We also cannot say our left hand is more weak then our right hand, then we called it parity negative. It is because, if we reflected ourself, our left hand is as good and right hand and the right hand is as weak as left hand.

A more physical example is the polarization of light, there are lefthand rotating light and right hand rotating light, called circular polarization. And material which interact differenty with different circular polarization are called chiral material. We should stop talking about examples in here. Because in nature, there are so many things has chiral property. Never the less, potenient and drug also has chirality. One book I recommend on general science for the chirality is “right-hand, left-hand” by chris McManus.

## Physics

Physics encounters parity is because we believe if the whole world is reverted, every thing just work fine and the same. For example, if our orgasms are all reflected, left goes to right, right go to left. We still alive. In fact, there are some real cases, that some peole do have reverted orgasm. Because there should be symmetric in the world.

In normal day, parity positive never break. It is seem impossible to break. How coome some thing work differently under parity transform?

For position, linear momentum, parity just make them change

However, in mathematics, there are many parity negative things. One example is the spherical harmonic. It is can be parity positive and negative depends on the parameter.

Lets take a imaginary example in parity negative. If we use photon to hit a target, all photons are going left. Now, we reflet the whole system.
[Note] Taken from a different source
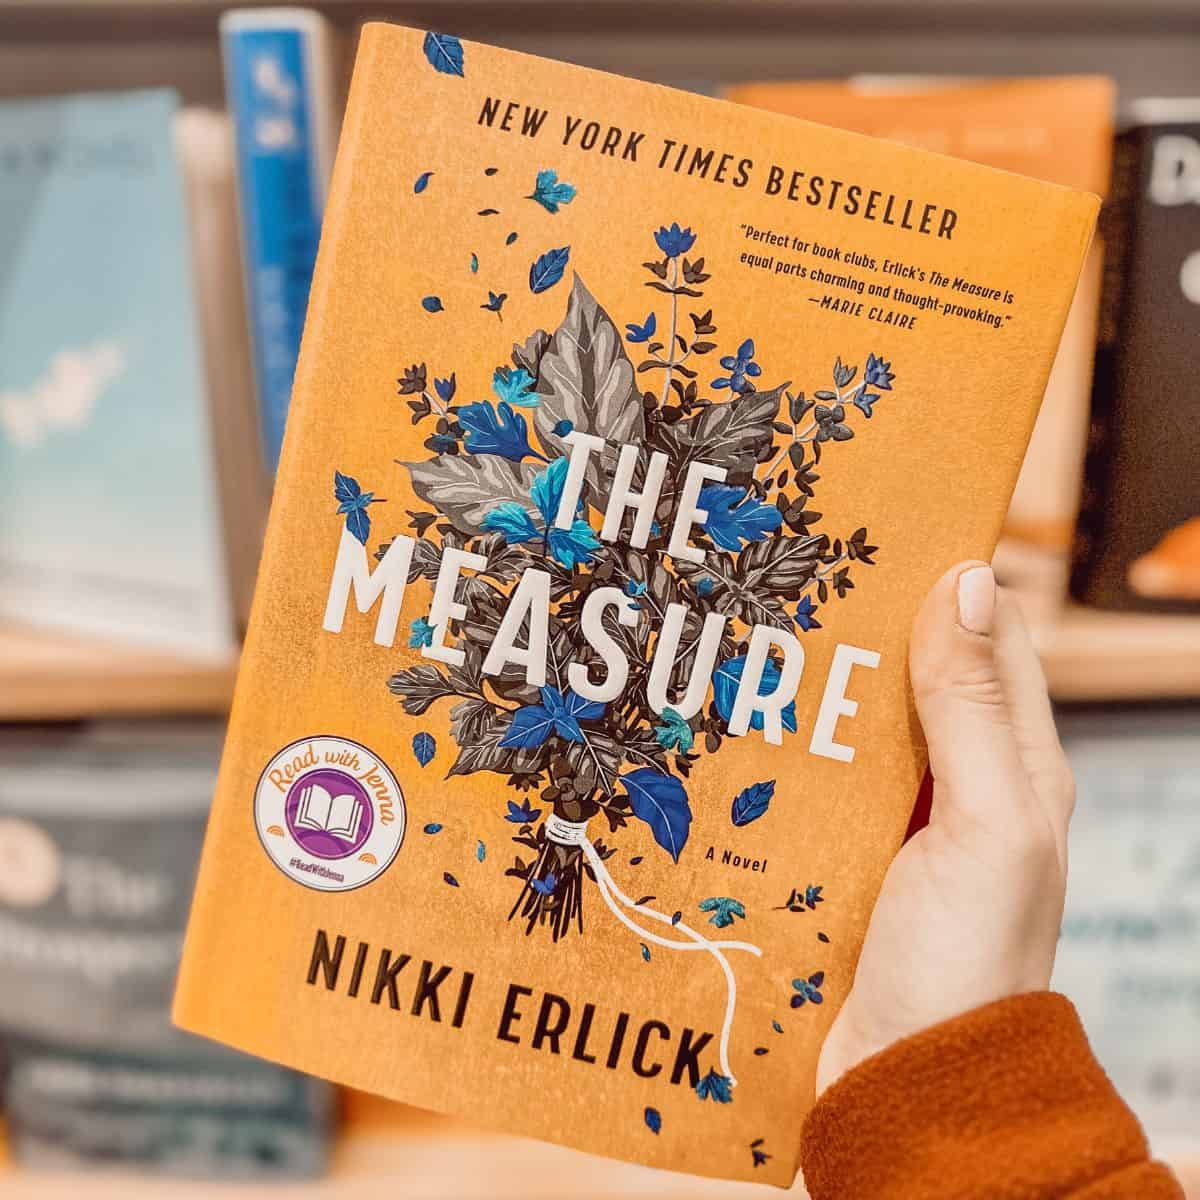 30 The Measure Book Club Questions (+ Printable PDF)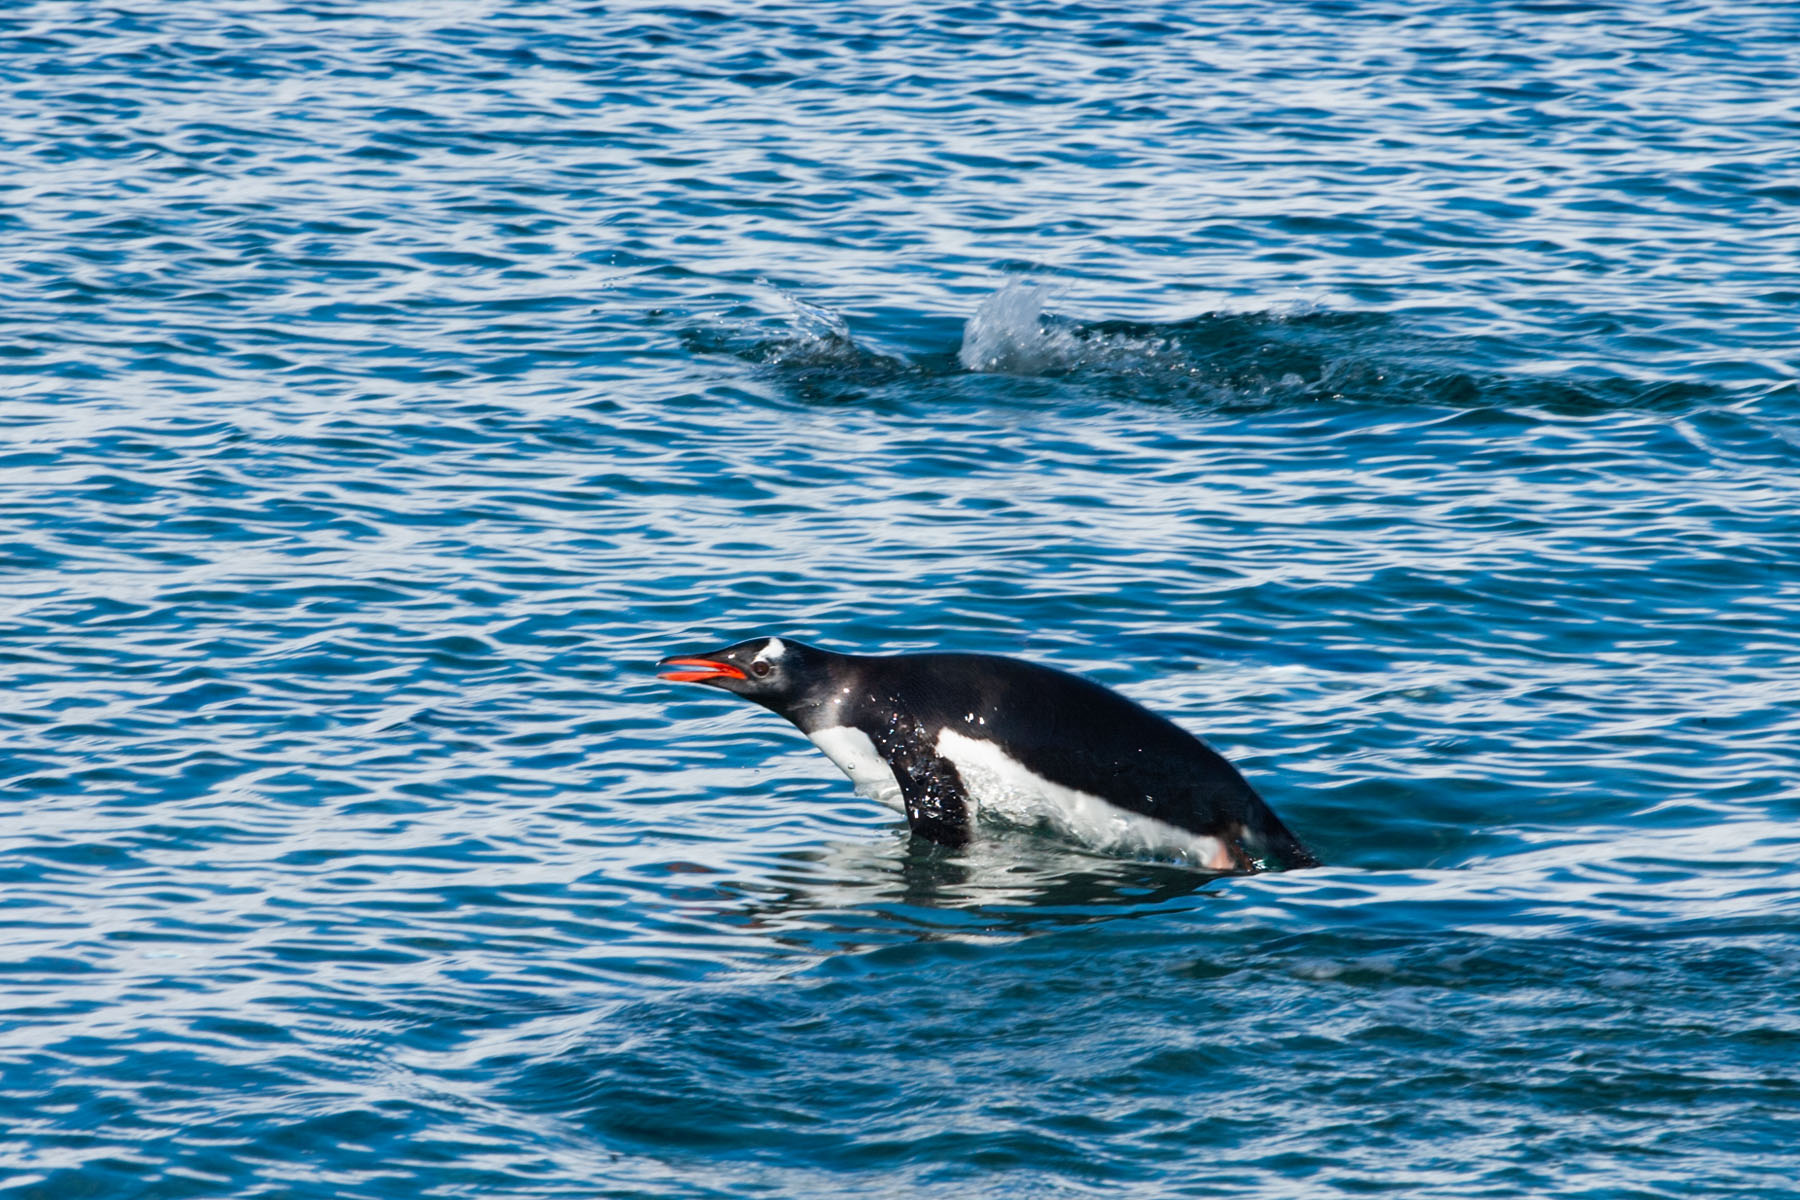 Gentoo flying through the water, Neko Harbor on the Antarctic continent.  Click for next photo.

But now, the photons are still going left.

The first discovery of parity negative is on beta- decay from Co-60. Whe. Applied an external magnetic field from down to up, the beta particle come out at left. When we change the magnetic field, now is from up to down, the beta particle should come out at right, if parity is positive. But it is not, it still keep coming out left!

The reason of it is beyond my understanding… Sorry.